9 Avoidable Workplace Health and Safety Hazards

Workplace health and safety hazards can be costly (to lives and the bottom line), but the good news is that they are largely preventable if you take the right precautions.

 

You don’t need to work surrounded by combustible materials to face serious health and safety risks, but the recent mine explosion in West Virginia, which killed nearly 30 workers, has called regulatory attention to that extreme end of the workplace hazard spectrum. Whether it’s a failure to protect your workers against carbon monoxide, the silent killer, or a sleep-deprived employee getting into a fatal car accident on the drive to work, every job comes with potential hazards.

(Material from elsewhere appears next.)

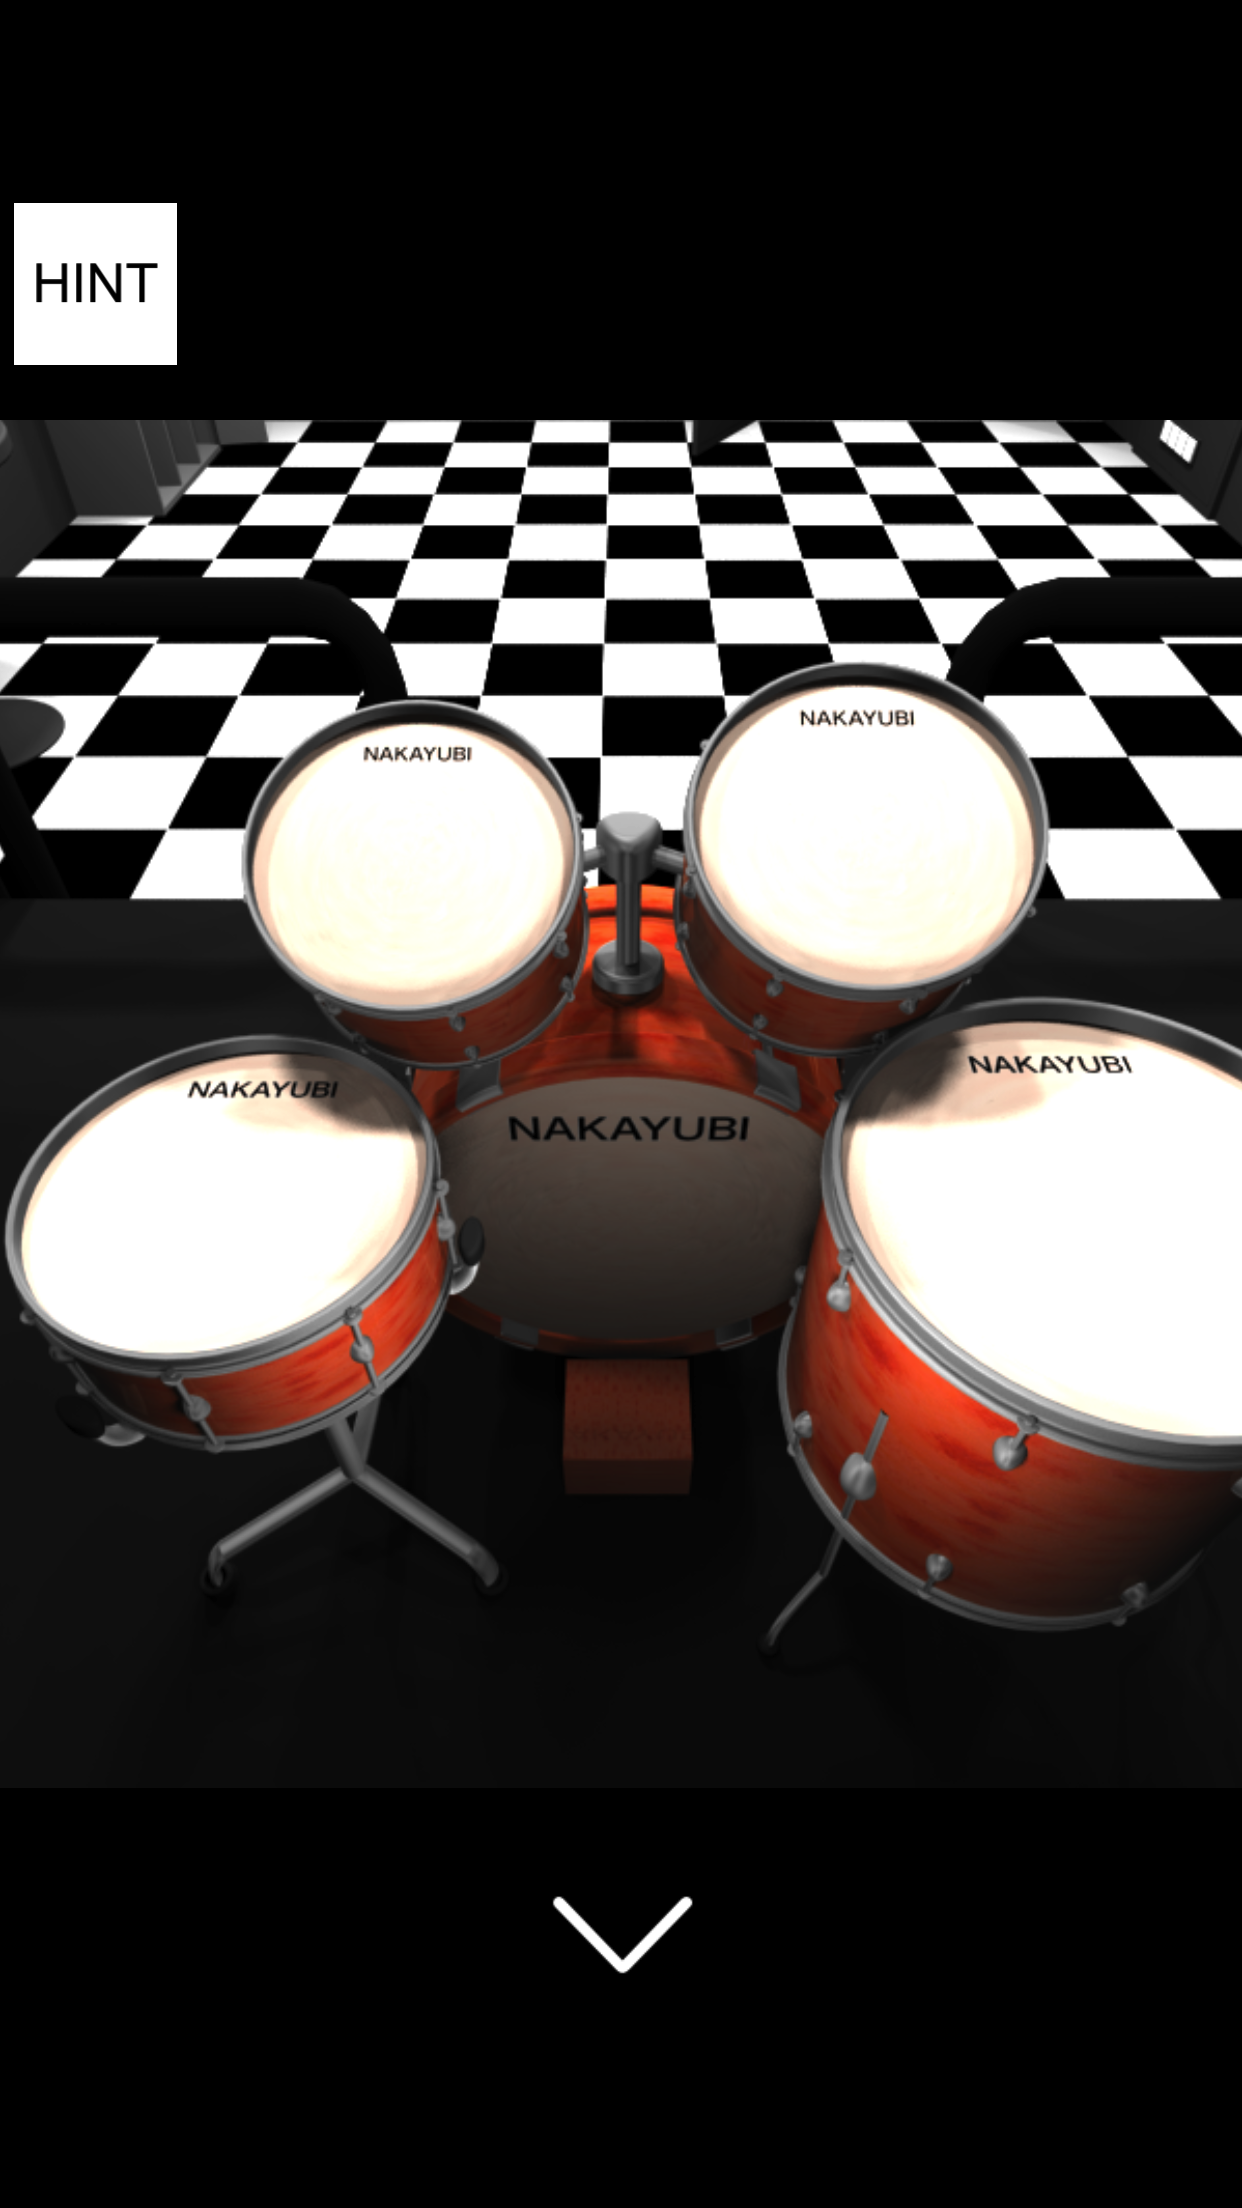 Screenshot 1 of Escape Game-Music Club 2.3

Common workplace health and safety hazards include: communicable disease, transportation accidents, workplace violence, slipping and falling, toxic events, particularly chemical and gas exposure, getting struck by objects, electrocution or explosion, repetitive motion and ergonomic injuries, and hearing loss. Although some hazards are less likely to happen in some work spaces than others, it's important to assess which hazards are most damaging to your business and your employees. Some may disrupt your continuity more than others, some may pose more serious threats to employee welfare, and still others will result in the most time lost or be the most costly. What all these setbacks have in common is that thorough planning can forestall many of them.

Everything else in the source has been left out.